- Directed by: Alice Birch
- Screenplay by: Alice Birch
- Produced by: Tessa Ross; Juliette Howell; Theo Barrowclough; Cate Blanchett; Lee Groombridge;
- Starring: Cate Blanchett; Spike Fearn;
- Cinematography: Michał Dymek
- Production companies: House Productions; Dirty Films; Film4;
- Distributed by: Searchlight Pictures
- Countries: United Kingdom; Australia;
- Language: English

= Sweetsick =

Upcoming film by Alice Birch

Sweetsick is an upcoming drama film written and directed by Alice Birch in her directorial debut.
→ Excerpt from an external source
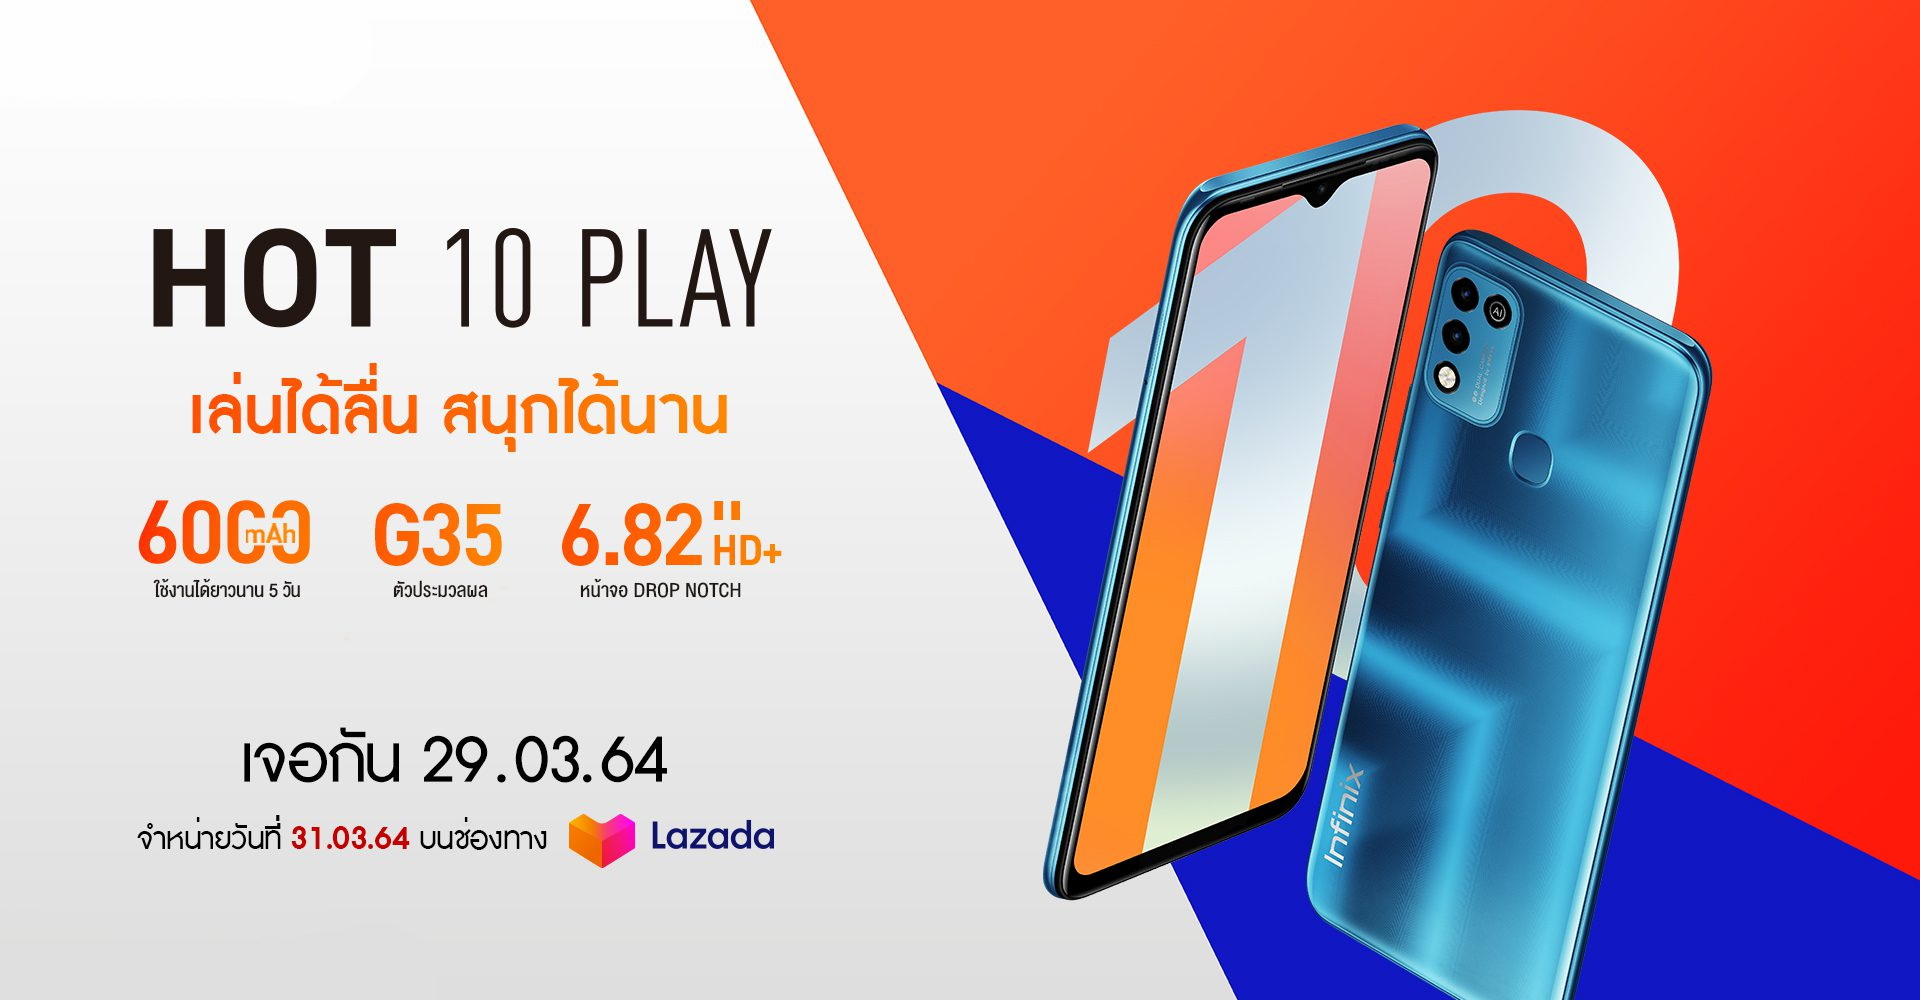 Infinix เตรียมเปิดตัวสมาร์ตโฟนรุ่นใหม่ HOT 10 PLAY  มือถือแบตอึด! 6,000 mAh ในราคาไม่เกิน 4,000 บาท  วางขายวันที่ 31 มีนาคมนี้ พร้อมกันทั่วประเทศ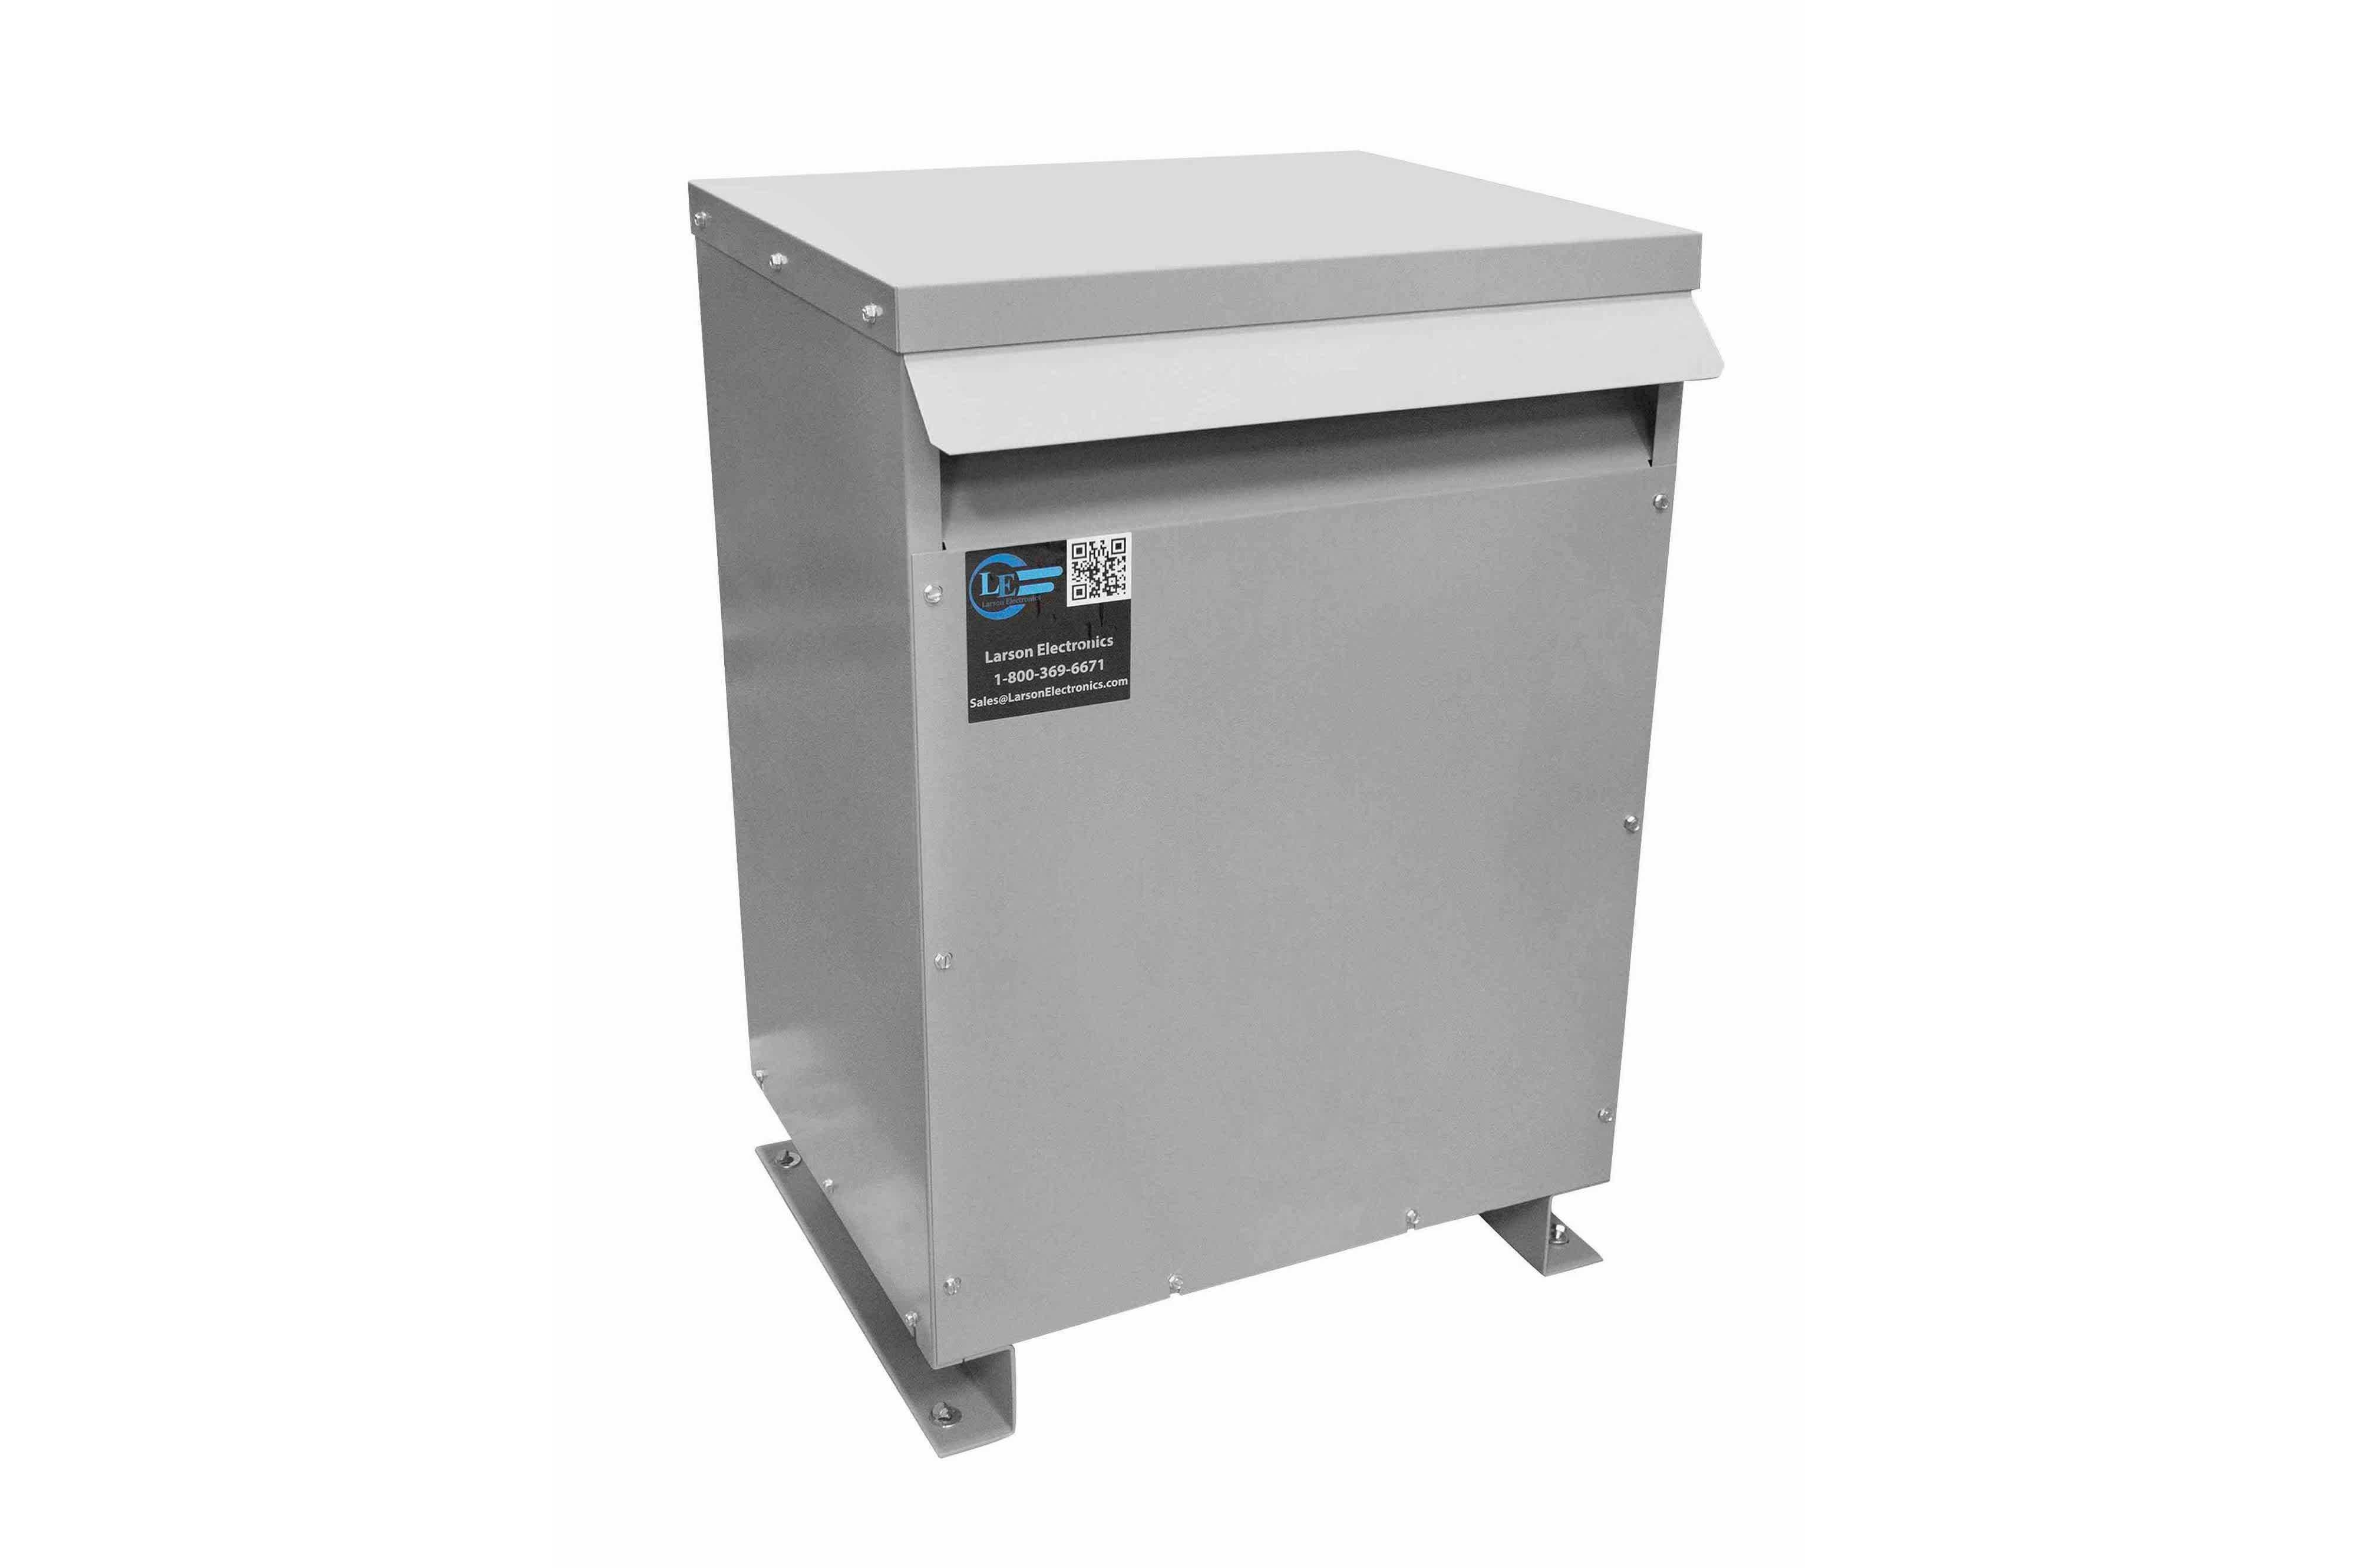 500 kVA 3PH DOE Transformer, 415V Delta Primary, 480Y/277 Wye-N Secondary, N3R, Ventilated, 60 Hz

It stars Cate Blanchett and Spike Fearn.

==Premise==
A mercurial woman (Cate Blanchett) with a strange and piercing gift – the ability to see what others most intimately need, often at great personal cost – who sets out on a journey home.

==Cast==
- Cate Blanchett as Eleanor
- Spike Fearn
- Tilly Walker as Eleanor's daughter

==Production==
In September 2025, it was announced that writer Alice Birch would make her directorial debut, with Cate Blanchett and Spike Fearn starring, and Searchlight Pictures acquiring the distribution rights.

Principal photography began in October 2025, in the United Kingdom and Greece.